**** Data

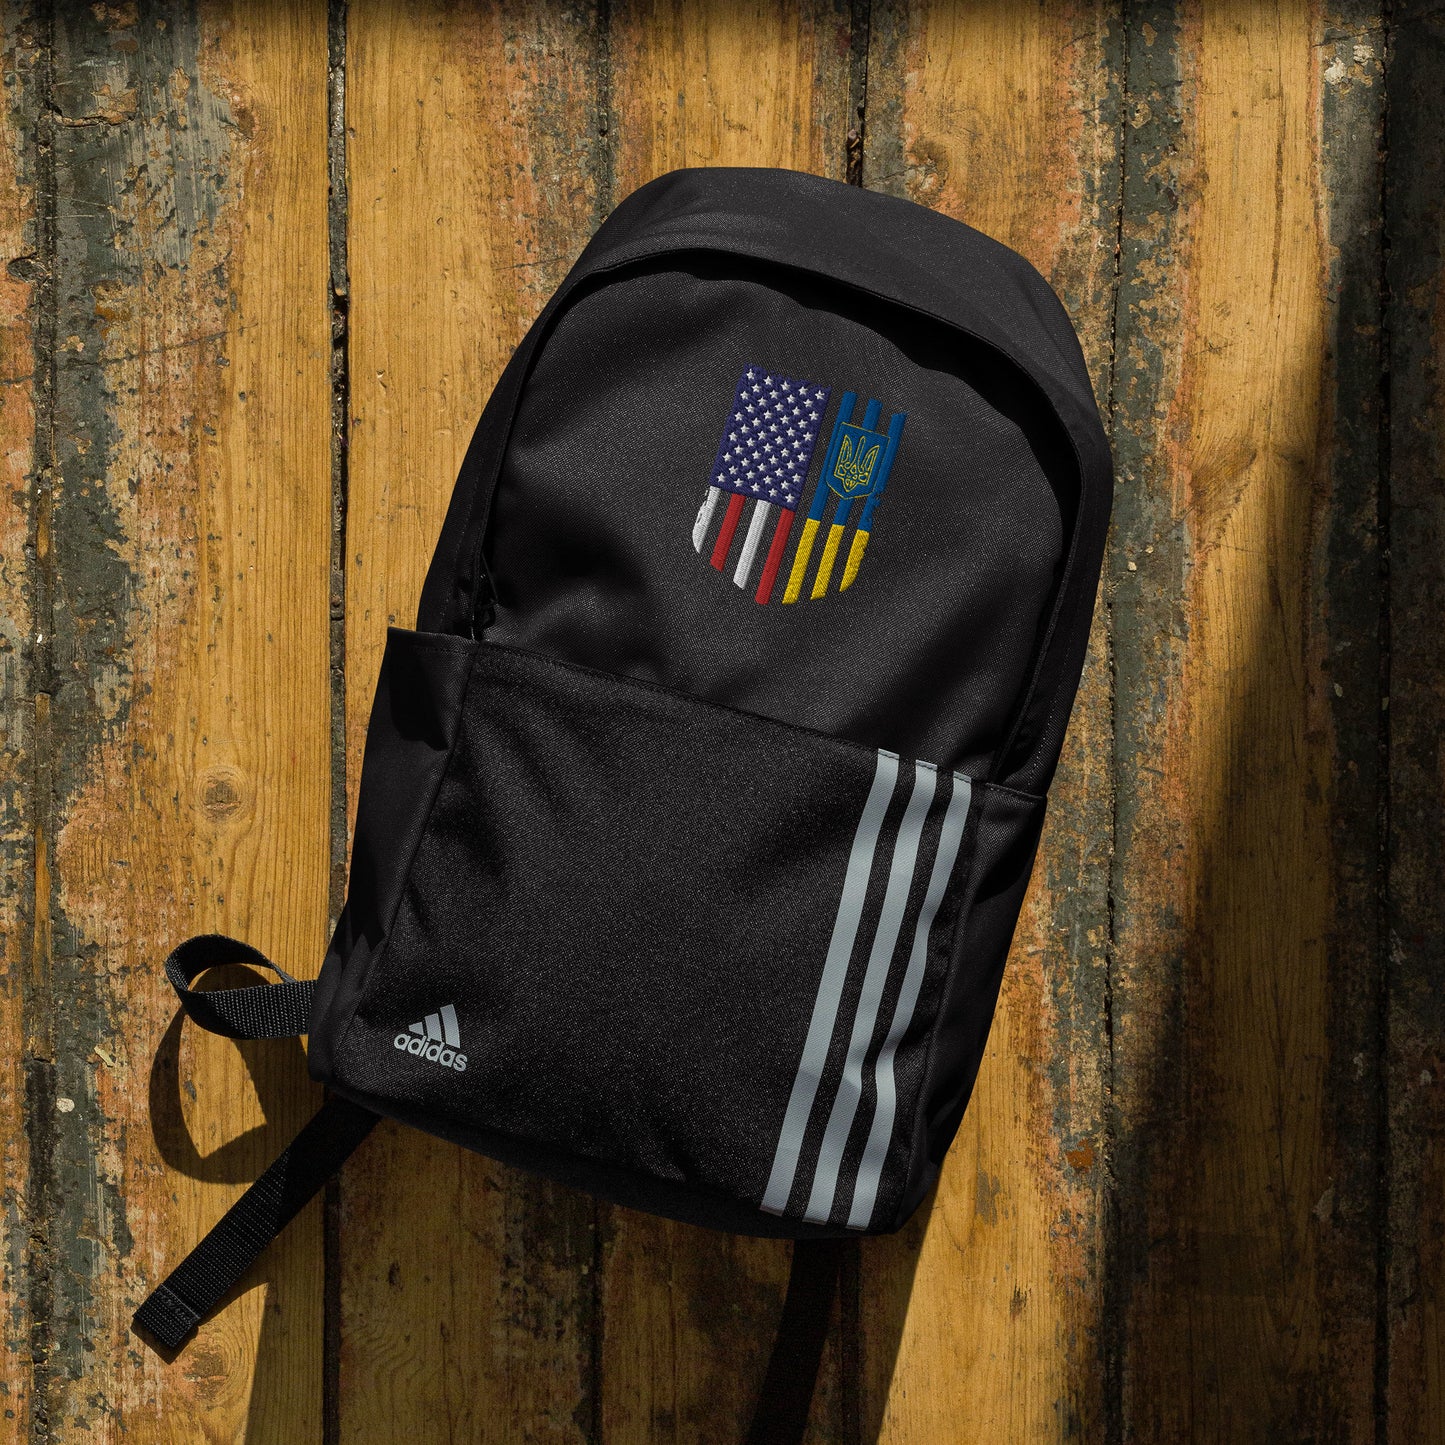 adidas backpack USA UKRAINE
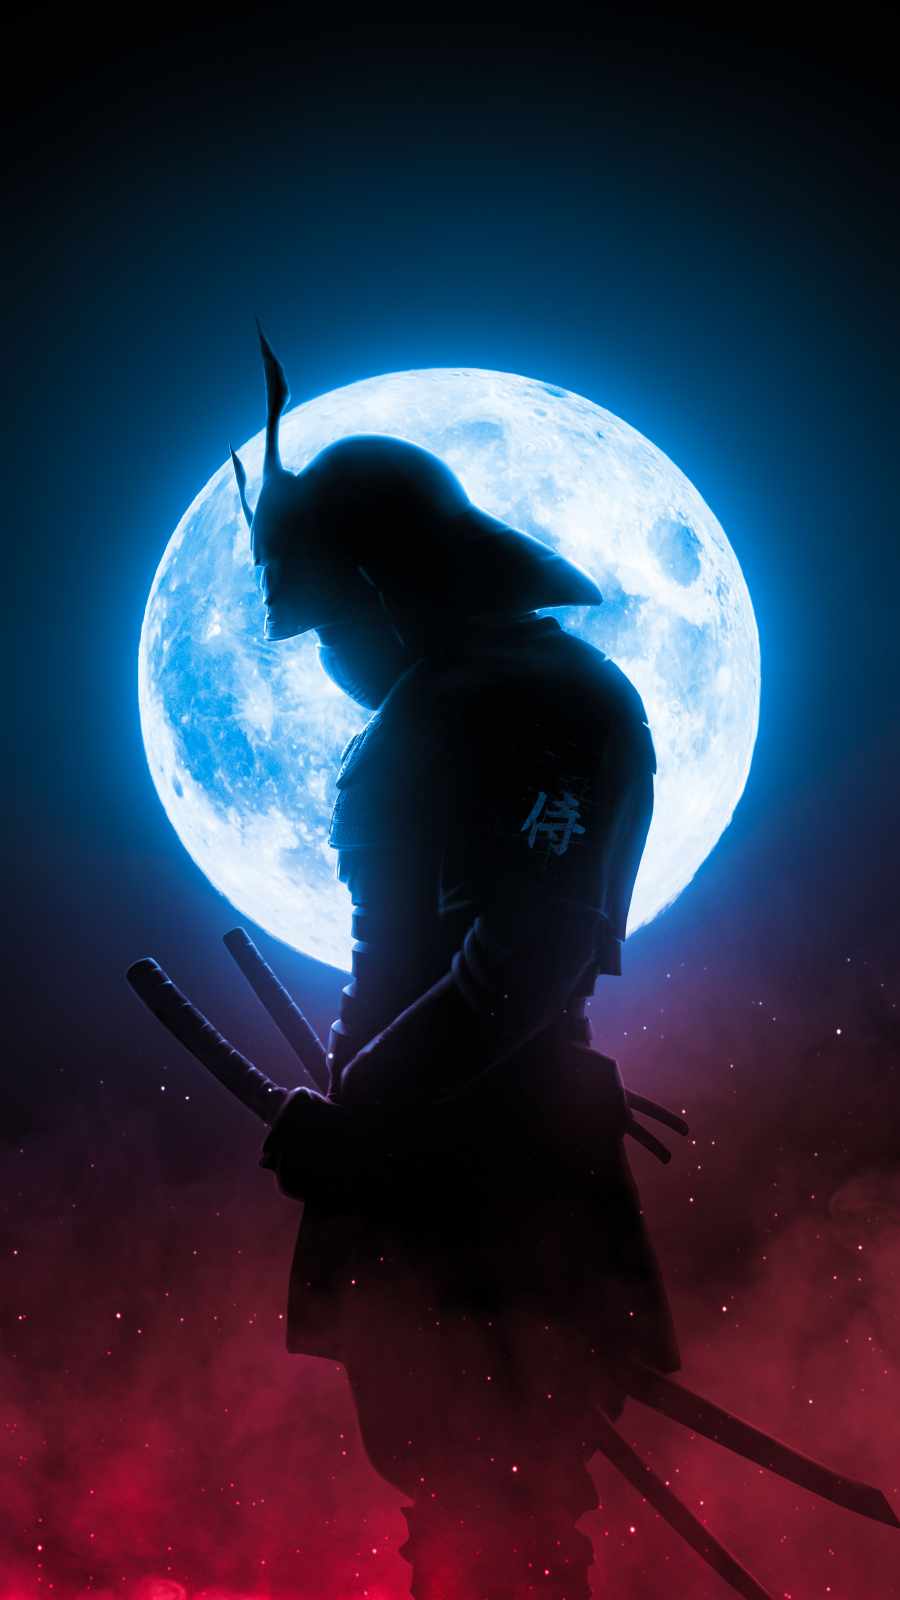 Moon Samurai IPhone Wallpaper Wallpaper, iPhone Wallpaper
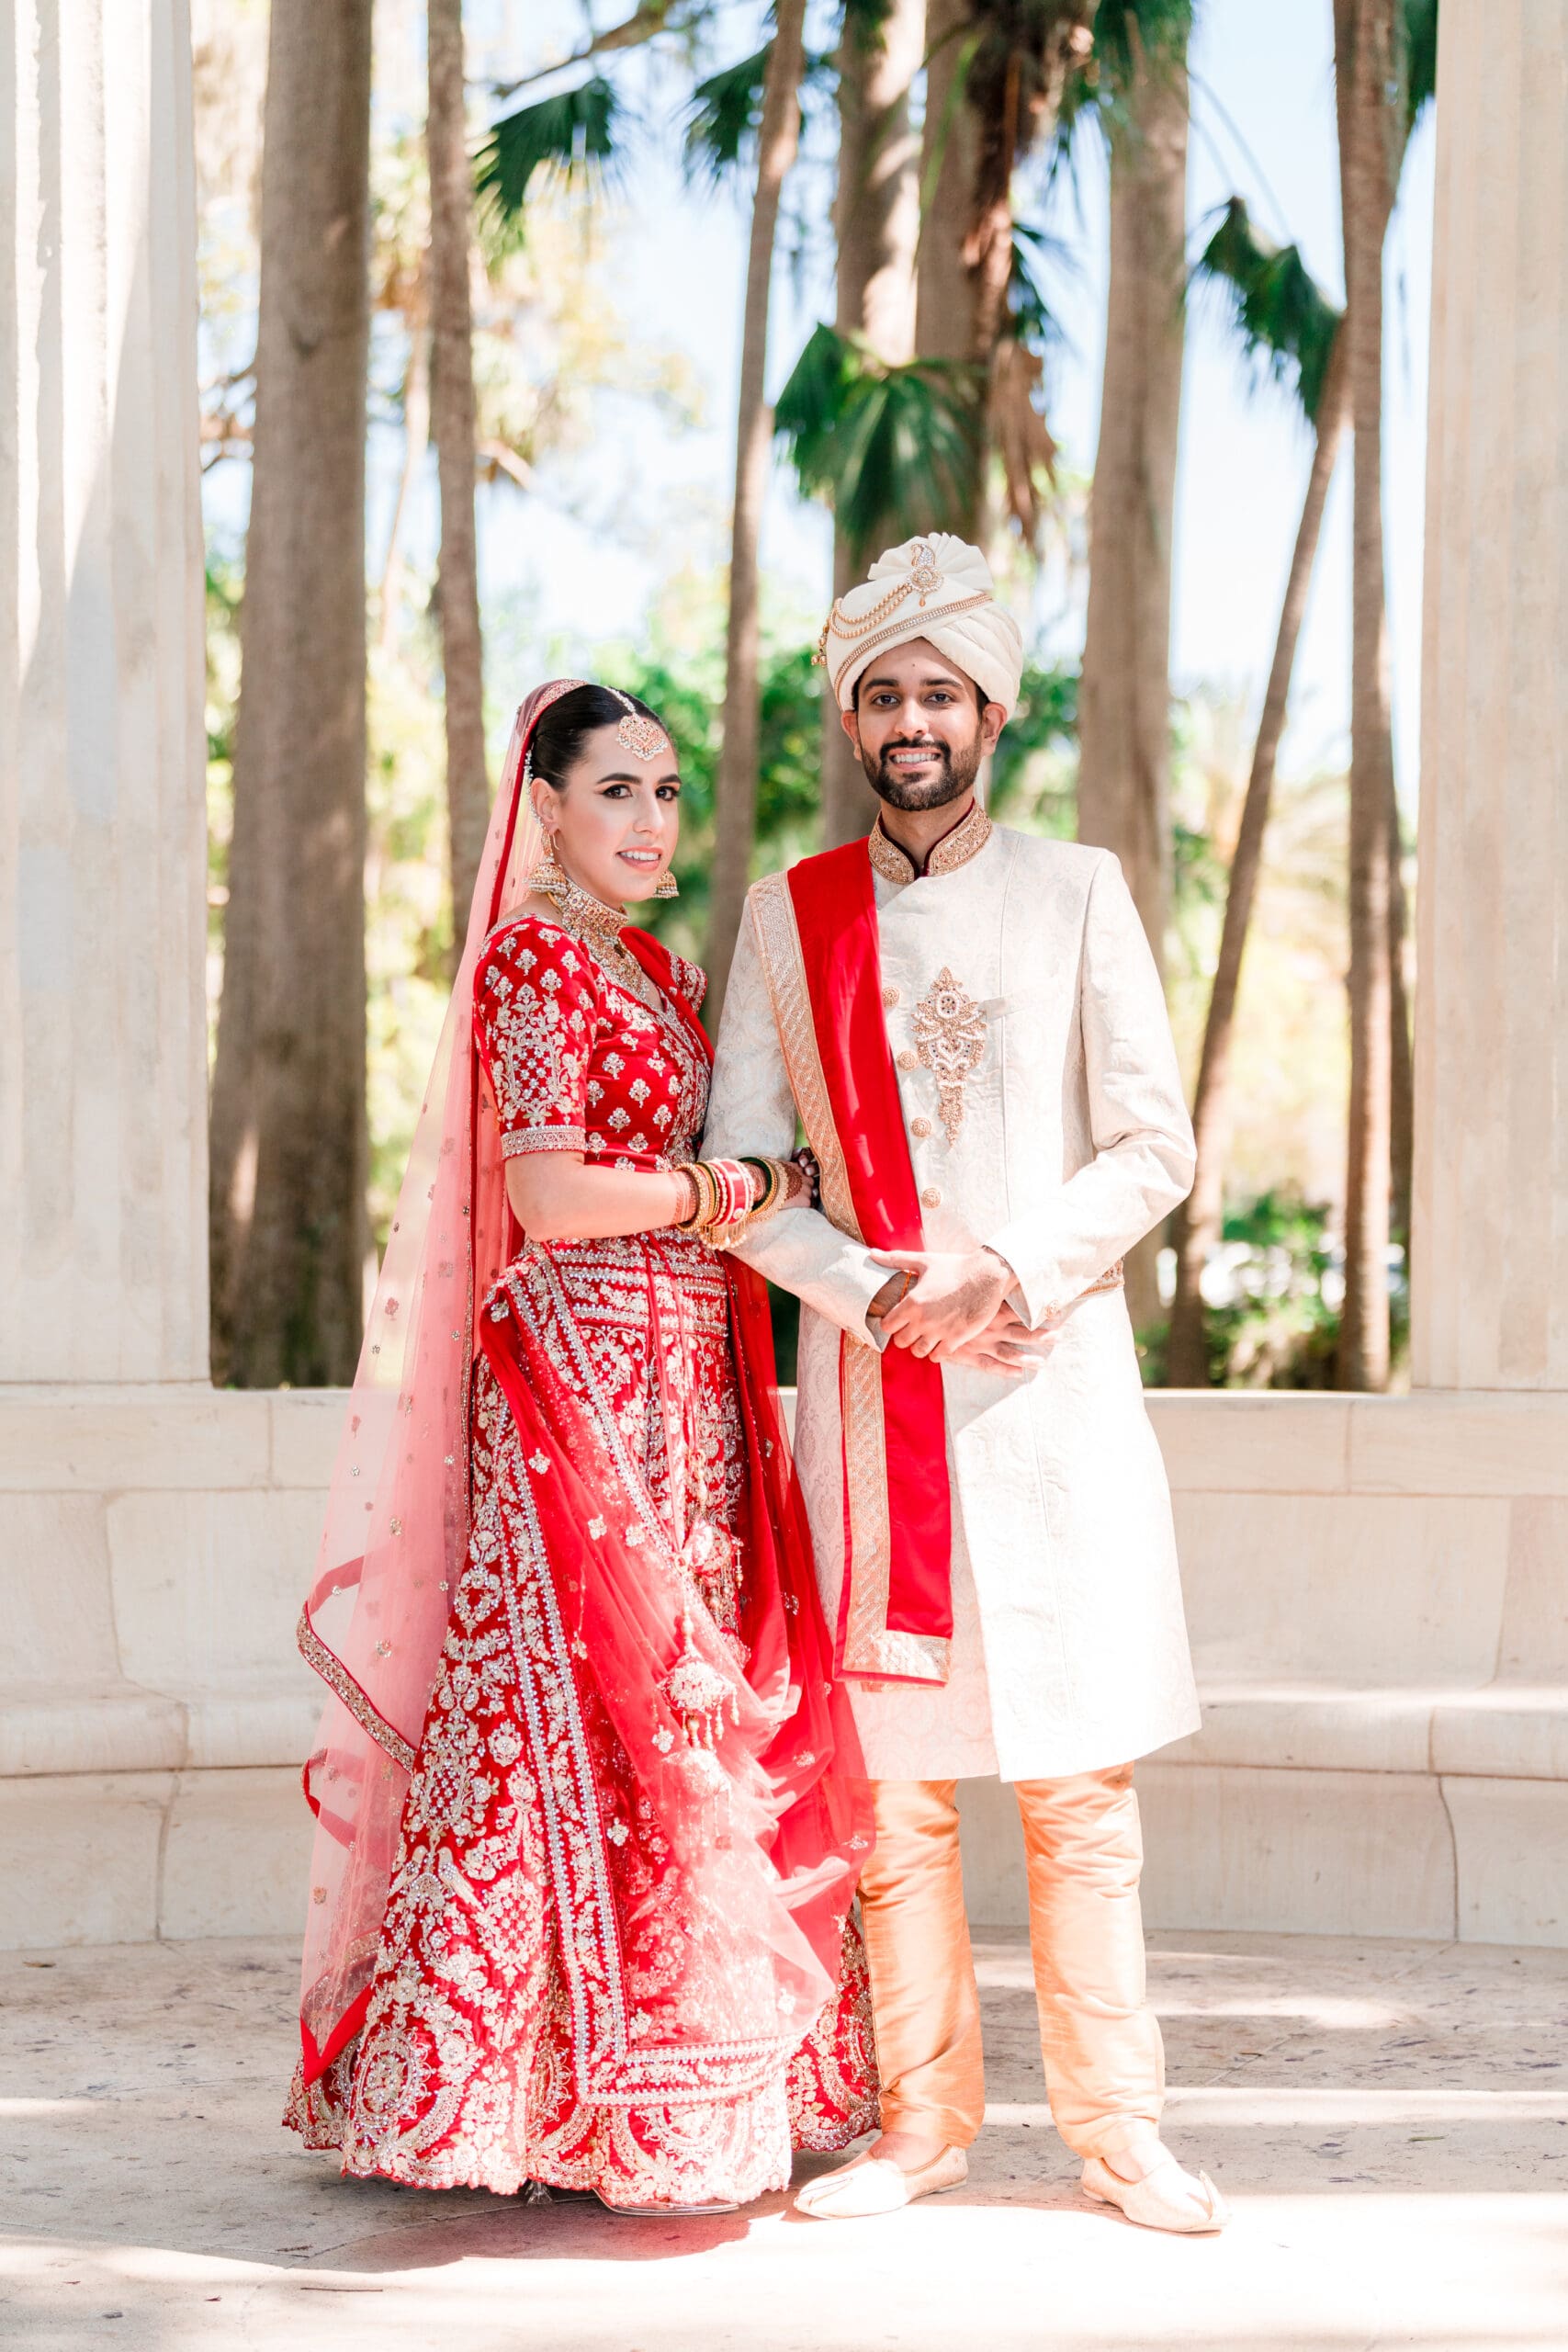 Sabrina & Rahul – Kraft Azalea Gardens – Holy Trinity Reception Center Wedding – Videography & Photography

********

Exercise prompt:
Your reply must match the data above line for line, except that it holds no pictures.

Result of the exercise:
 adidas backpack USA UKRAINE
 Moon Samurai IPhone Wallpaper Wallpaper, iPhone Wallpaper
 Sabrina & Rahul – Kraft Azalea Gardens – Holy Trinity Reception Center Wedding – Videography & Photography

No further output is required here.